Yes, even the Joy Doctor gets in funks (I would actually say that it’s because I have a Joy practice—which spoiler alert, means I am open to ALL of my life—that I get in funks. It’s a good thing, I swear. A funk is information.)
I am trying to slow down and in the process, have created more space for rest with less work. What happens is that then my brain starts feeding me messages that I am not doing enough. It’s a classic byproduct of a capitalist-productivity-message of how I must prove my worthiness with outcome.
I am managing some big life issues in my family and the world is constantly on fire so I am trying to commit to making space and allowing time for more rest and self-care.
Seems like a good plan, right? (and one that I am privileged to make!)

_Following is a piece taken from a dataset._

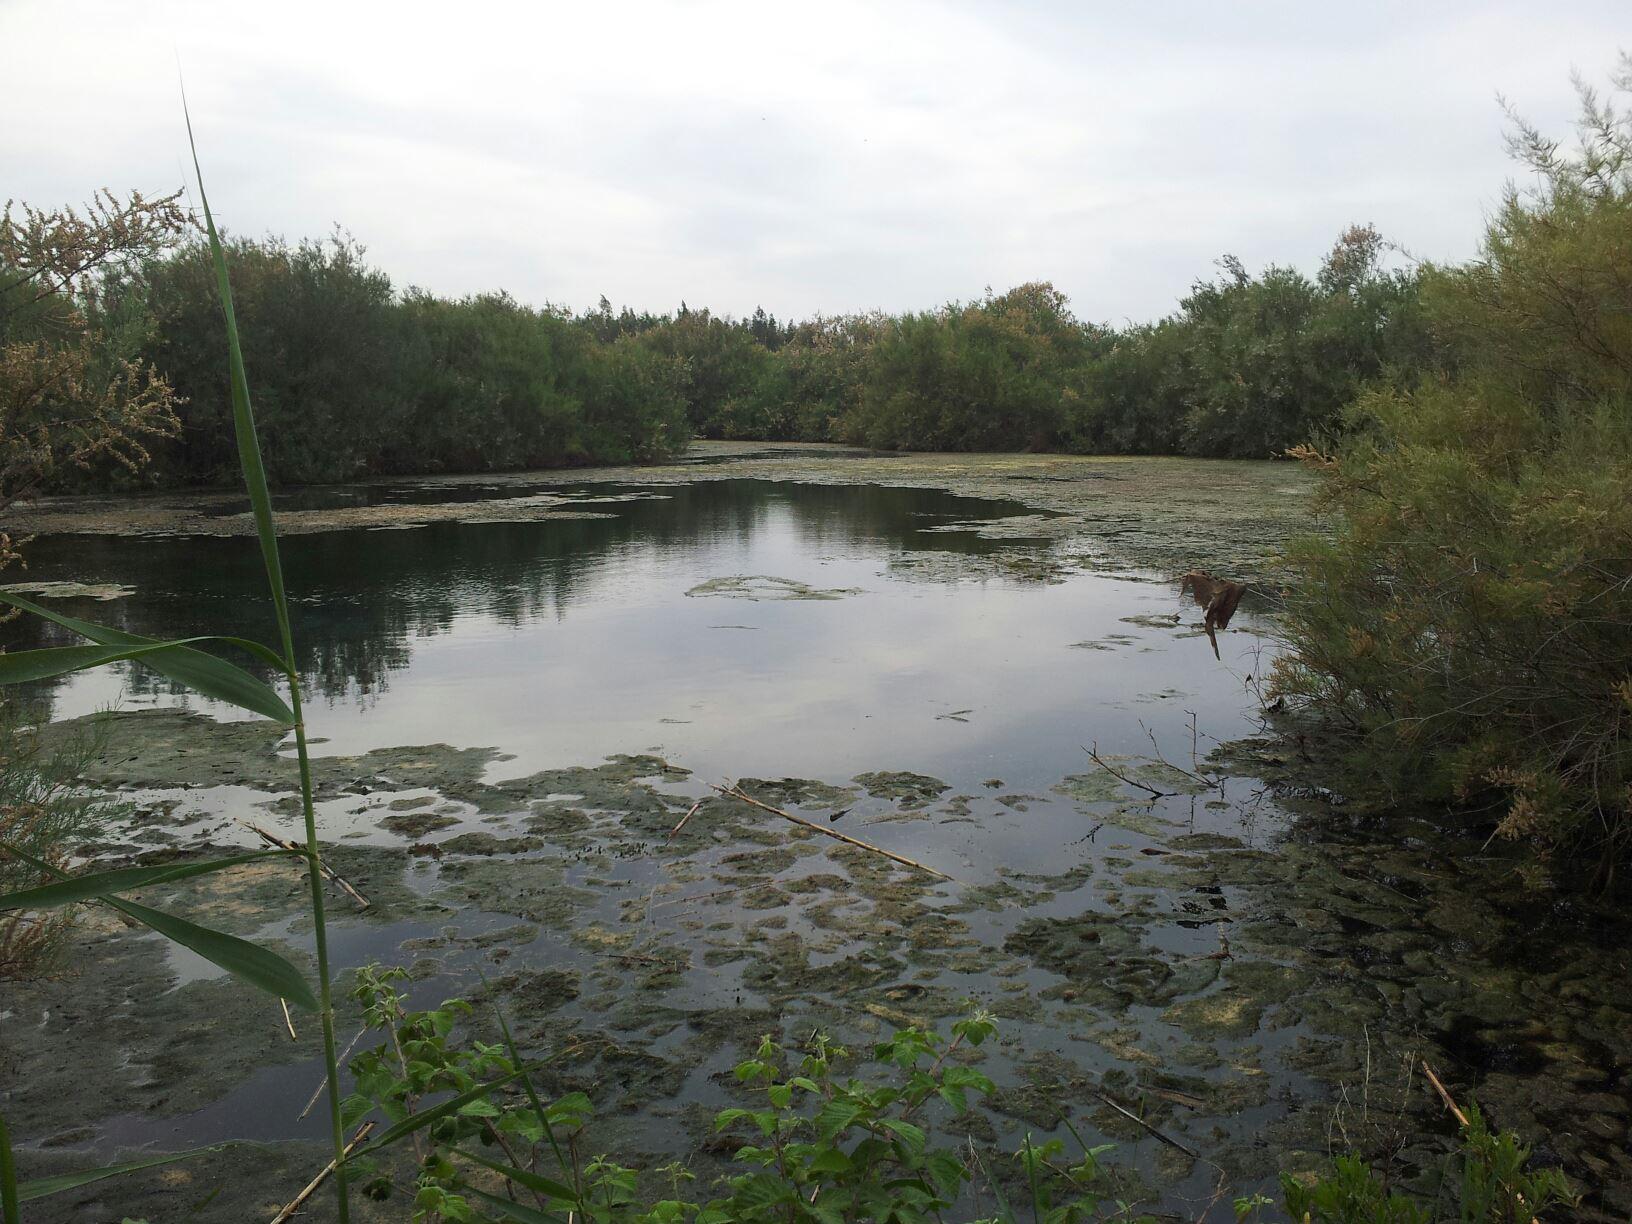 Swamp view SmadarHalperinEpshtein

So Debbie (If you’ve read my book, you know Debbie and that everyone needs one of her in their lives!) asks me what I could ask myself in return to this voice asking me to do more.
To which I said, probably what I thought was the expected answer:
“I am doing my best. I am only human…” (And for the record, that felt like a win. I was being compassionate with myself.)
And then what she challenged me with is what left me speechless. I knew something big was coming because I heard, “Okay….” That’s when I always know to take note of what comes next.
“What if you aren’t doing as much as you could,” she challenged me.
“What if you could do more or better and you’re not?”
Wait a second, I thought I was supposed to use my self-compassion and accept where I am. This felt a bit off.
But she went on.
“What if you could do more and you choose not to? What then?”
It was a reframe that stopped me in my tracks.
Silence.
And I thought she had misspoke.
She went on: “And what if that is also okay?”
It seems so simple but is so profound. Yes, I could be doing more. Yes, I could need less space for rest. But so what?
What if you know you can do more, that it’s humanly possible to do more and yet, you don’t do it?
Maybe resting is not only allowing yourself to accept yourself as enough. Maybe it’s also accepting that you get to say I am doing less than enough and that’s ok too.
Maybe that’s even when it really counts as rest. Not that you are so depleted or exhausted by life that you must take a break.
But that you take a break just because you’re human and you choose to take one.
Period.
I don’t know if this is landing for you as big as it did for me but let me know and I would love to have a discussion with all of you. Leave a comment and let’s all talk about rest. Do you take enough? Do you feel bad when you do? What if today, you knew you could do more but you didn’t do it? I can’t wait to hear from you.
I am really sitting with this idea that I could be doing more. It is humanly possible to do it. And yet it is okay to not.
Love this post.
Great post! I struggle with such thoughts a lot.
I guess I need to go through the following words at least once every week and keep telling myself that....it'll be okay :).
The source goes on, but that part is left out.